Mr. Schmidt pursued an academic career first, partly because his father disapproved of theater as a profession. But while acquiring his scholarly credentials with a Ph.D at Harvard -- he wrote his dissertation on Russian director Vlesovold Meyerhold -- he fell in with the now-legendary circle of friends who produced summer seasons of plays at Radcliffe's Agassiz Theatre, including actors Lindsay Crouse, Tommy Lee Jones, John Lithgow, and Stockard Channing (to whom Schmidt was married for seven years). The strongest personality in that group was Timothy Mayer, the fiercely talented and chronically underachieving writer-director who died of cancer in 1988. From Meyerhold and Mayer, Mr. Schmidt acquired the principles that he would apply throughout his work in the theater. Mayer stressed the importance of speaking to an audience in their own language. And Meyerhold, in opposition to Stanislavski's actor-centered idea of theater as a recreation of "real life," envisioned a "theater of spectacle" in which the primary creator is the director whose design, staging, and conceptual framework essentially rewrite the play. Meyerhold's example has fueled the work of the most imaginative directors in the contemporary theater, none more than Robert Wilson.

Mr. Wilson may be the latest genius Mr. Schmidt has worked with, but they've known each other the longest. They met on a street corner in 1960 when Mr. Wilson, just out of Waco High School, was studying business administration at the University of Texas where Mr. Schmidt, just out of the Army, was teaching French. They lived together in Austin for a year and have remained friends ever since. "Alice" is the beneficiary of their long friendship.

"With Bob, the genesis is always visual," says Mr. Schmidt. "He said, 'All I know is I want there to be two acts. And we should have either 5 or 7 scenes in each act, and somehow I see the middle scene in each act as different from the scenes around them but very similar to each other.' I went home with the Alice books and quickly saw there's not much to dramatize. She just goes from one incident to another. We picked out the scenes we thought would work best and tried to find a scenario to hold it together that wouldn't be just a children's storybook version of 'Alice in Wonderland.'"

Bringing the author into the picture, the scenario pivoted on the Rev.
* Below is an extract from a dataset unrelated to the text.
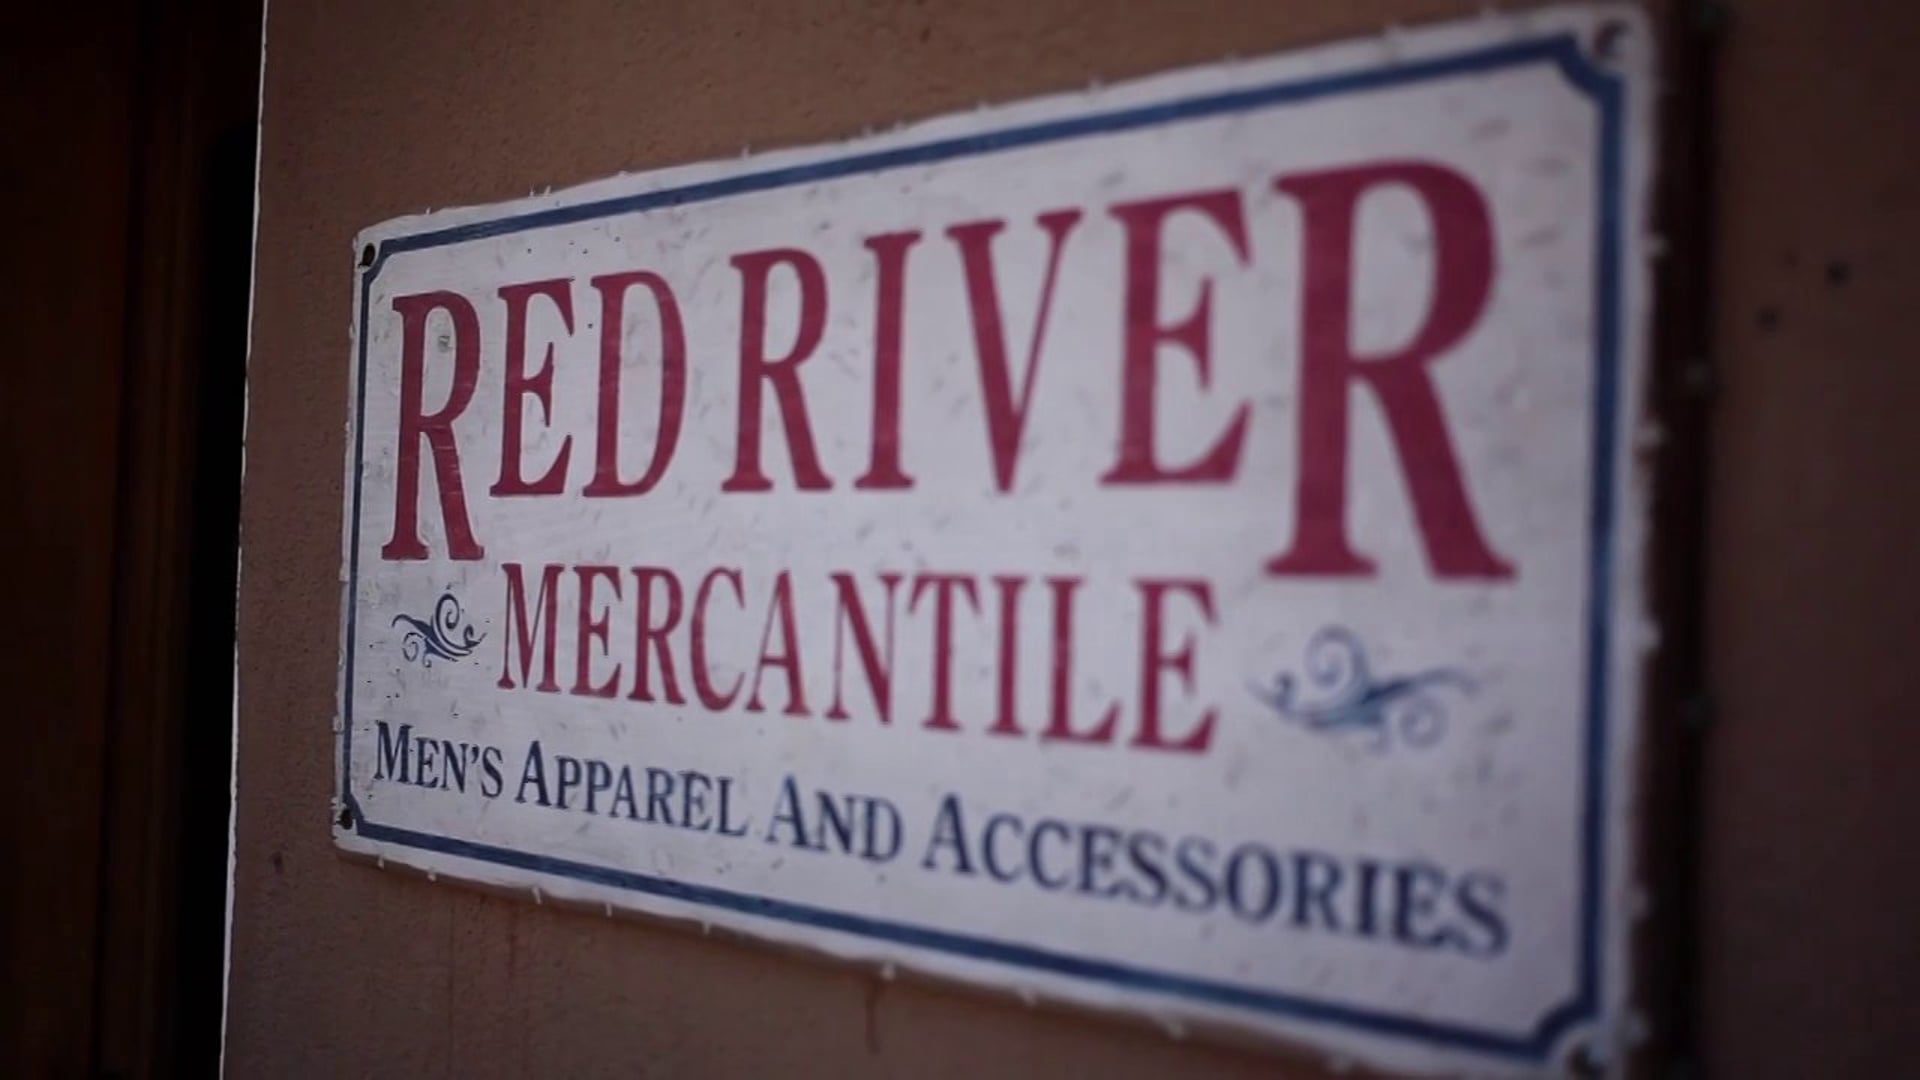 Red River Mercantile Fall 2013

Dodgson's obsession with photographing little girls. "Nobody really objected to his wanting to take pictures of them in their underwear," Mr. Schmidt says, "but there was a point at which Alice Liddell's mother said to him it would be better if he didn't write her any more love letters." For the centerpieces of the two acts, Mr. Schmidt wrote monologues for Alice and Dodgson reflecting years later on their relationship and circling closer to the touchy subject of pedophilia than anything Lewis Carroll ever wrote.

To fit Mr. Wilson's visual scheme, Mr. Schmidt supplemented familiar scenes from "Alice in Wonderland," such as the Mad Hatter's tea party and Humpty Dumpty's dispensing advice to Alice, with classic Carroll nonsense verses ("Jabberwocky," of course) and even some of his word puzzles. "One thing that's special about Paul is he knew my work from the beginning," says Mr. Wilson. "I started out with works that were silent. Then I did plays that were texts of nonsense, where the words were just sounds. Later I did texts that made sense. But Paul has always been fascinated with the integrity of the word, not only with its meaning but with its sound and its musicality. That's something we share."

So in creating a text for Mr. Wilson, Mr. Schmidt knew how to feed him flavors that he liked? "Exactly."